A multicenter French cohort study published in JAMA Neurology evaluated whether intravenous thrombolysis (IVT) given beyond the conventional 4.5-hour window—before interhospital transfer for endovascular thrombectomy (EVT)—improves outcomes in acute ischemic stroke due to large vessel occlusion (AIS-LVO). Findings suggest potential functional benefits and higher recanalization rates without added hemorrhagic risk.

Study Findings

The retrospective cohort included 584 patients treated at 20 French primary stroke centers from January 2020 to December 2024. Median age was 71 years (IQR 61–81) with a baseline NIH Stroke Scale score of 15 (IQR 10–19). Median time from last known well to initial imaging was 10.5 hours (IQR 6.9–14.0). Advanced imaging (MRI or CT perfusion) was obtained in 93.2% of cases.

Of the cohort, 232 patients (39.7%) received IVT prior to transfer for EVT. Using propensity score overlap weighting to adjust for baseline differences, late-window IVT was significantly associated with improved 3-month modified Rankin Scale outcomes (common OR 1.97; 95% CI, 1.33–2.92; P = .001) compared with those who did not receive IVT. Recanalization during transfer was also more common in the IVT group (PSOW-OR 8.69; 95% CI, 3.16–23.87; P < .001).
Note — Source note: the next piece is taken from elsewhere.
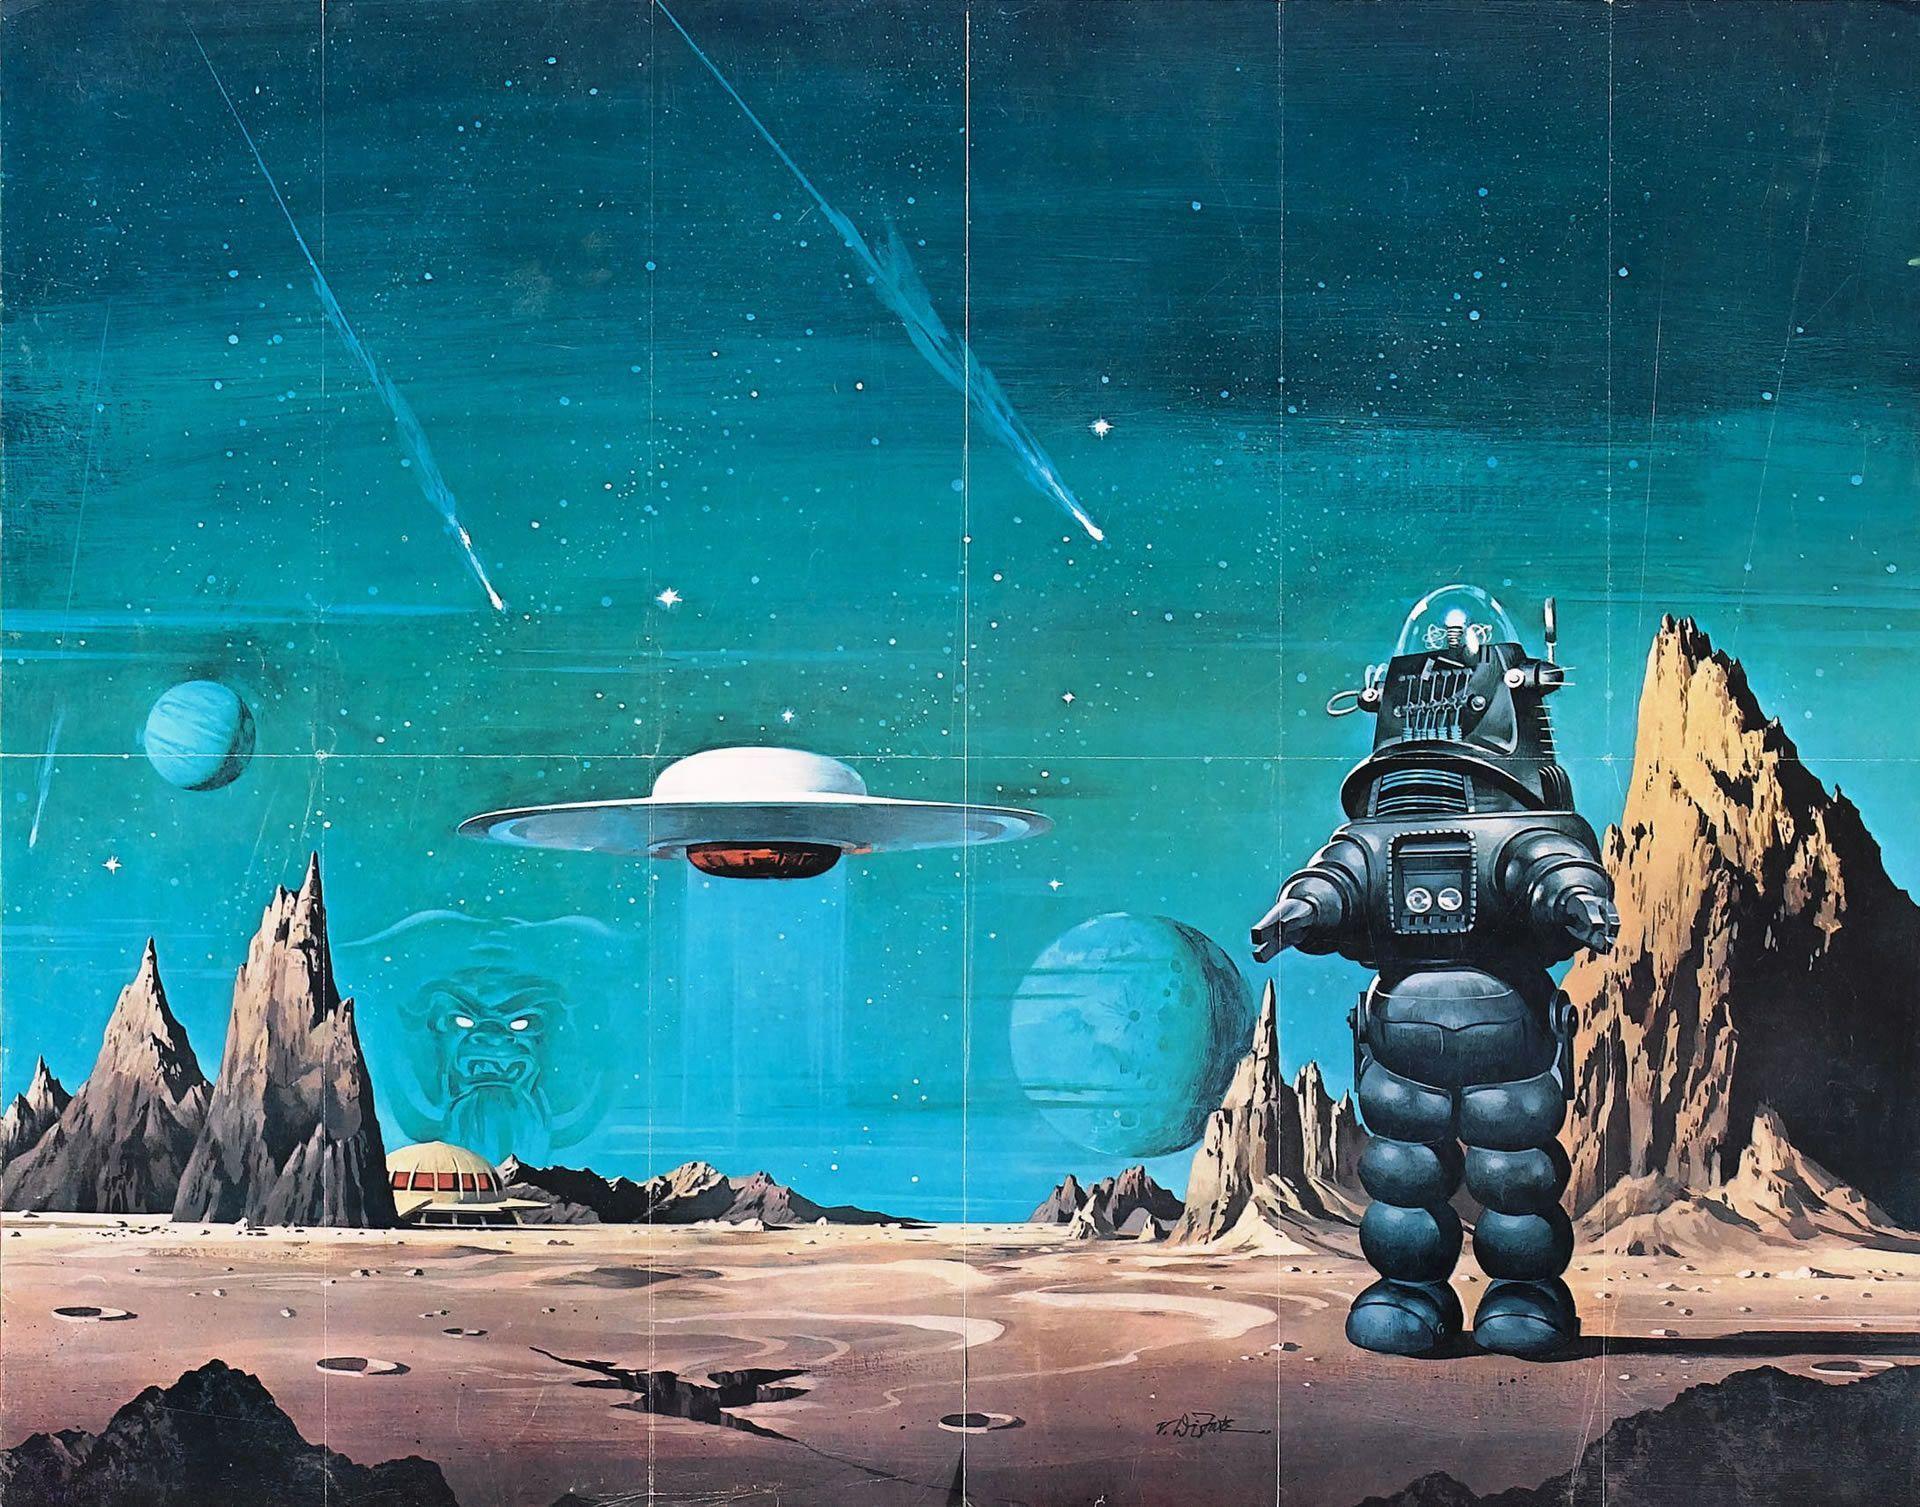 Vintage Sci Fi Robot Wallpapers Top Free Vintage Sci Fi Robot Backgrounds Wallpaperaccess
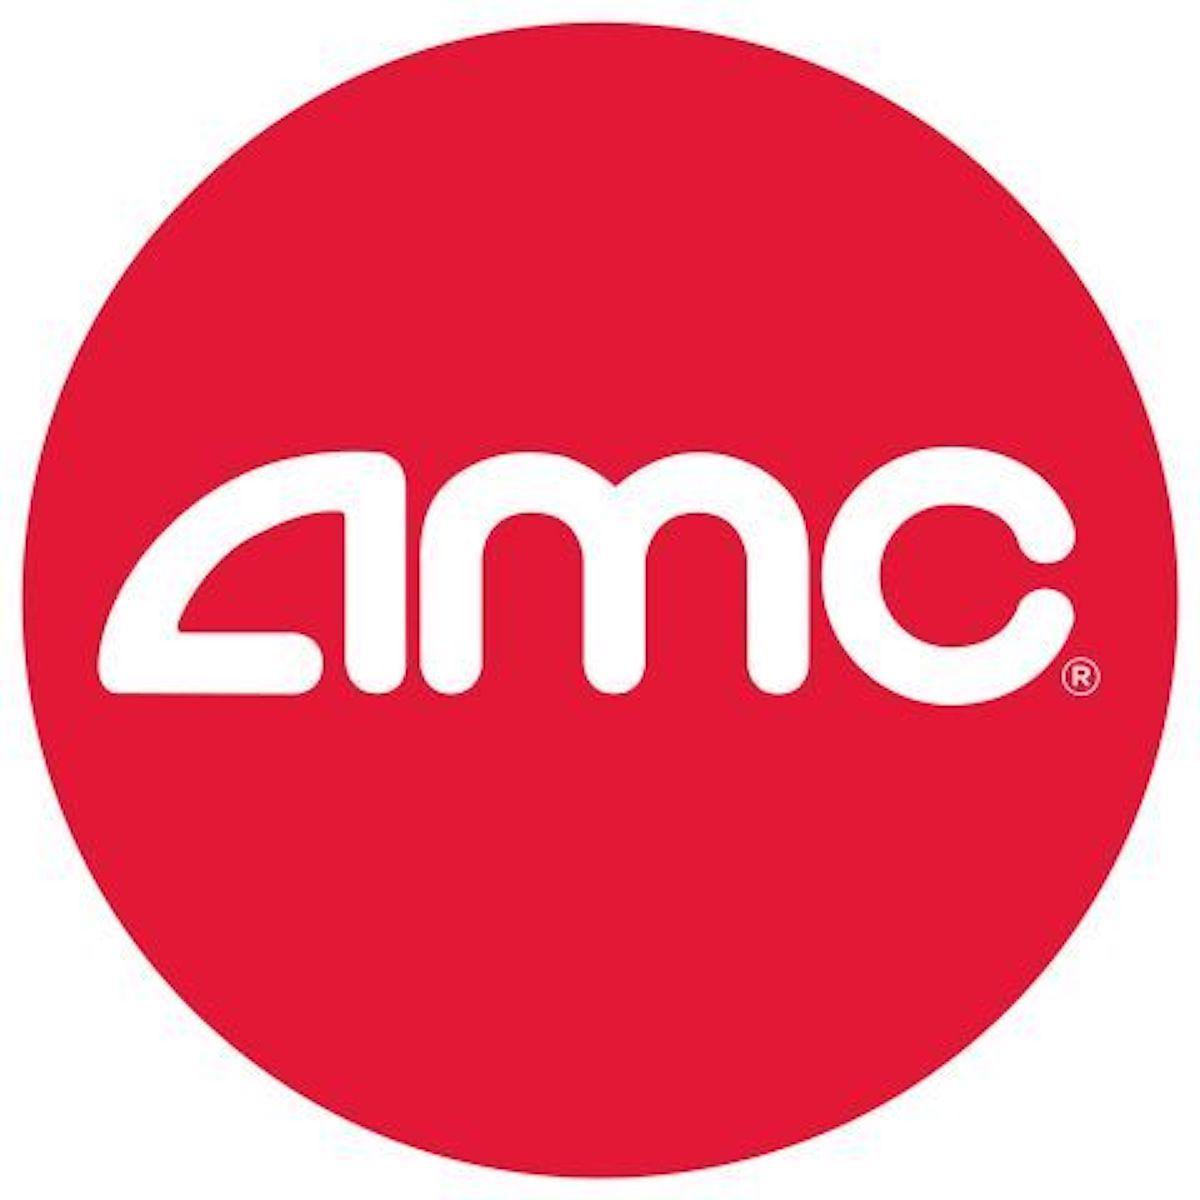 GameStop, AMC Stock Soar Due to Reddits Meme Stock

Importantly, rates of any intracerebral hemorrhage and symptomatic intracerebral hemorrhage did not differ between groups, suggesting an acceptable safety profile in this late-window cohort. These results support the hypothesis that prolonged exposure to IVT prior to EVT may be clinically beneficial.

Clinical Implications

For clinicians managing AIS-LVO patients at centers without immediate EVT capability, these findings highlight a potential role for late-window IV thrombolysis prior to transfer. Traditional guidelines recommend IVT within 4.5 hours of last known well; however, this study suggests that when transfer times are prolonged, administration of IVT beyond this window could improve functional outcomes at 3 months and increase recanalization success during transfer.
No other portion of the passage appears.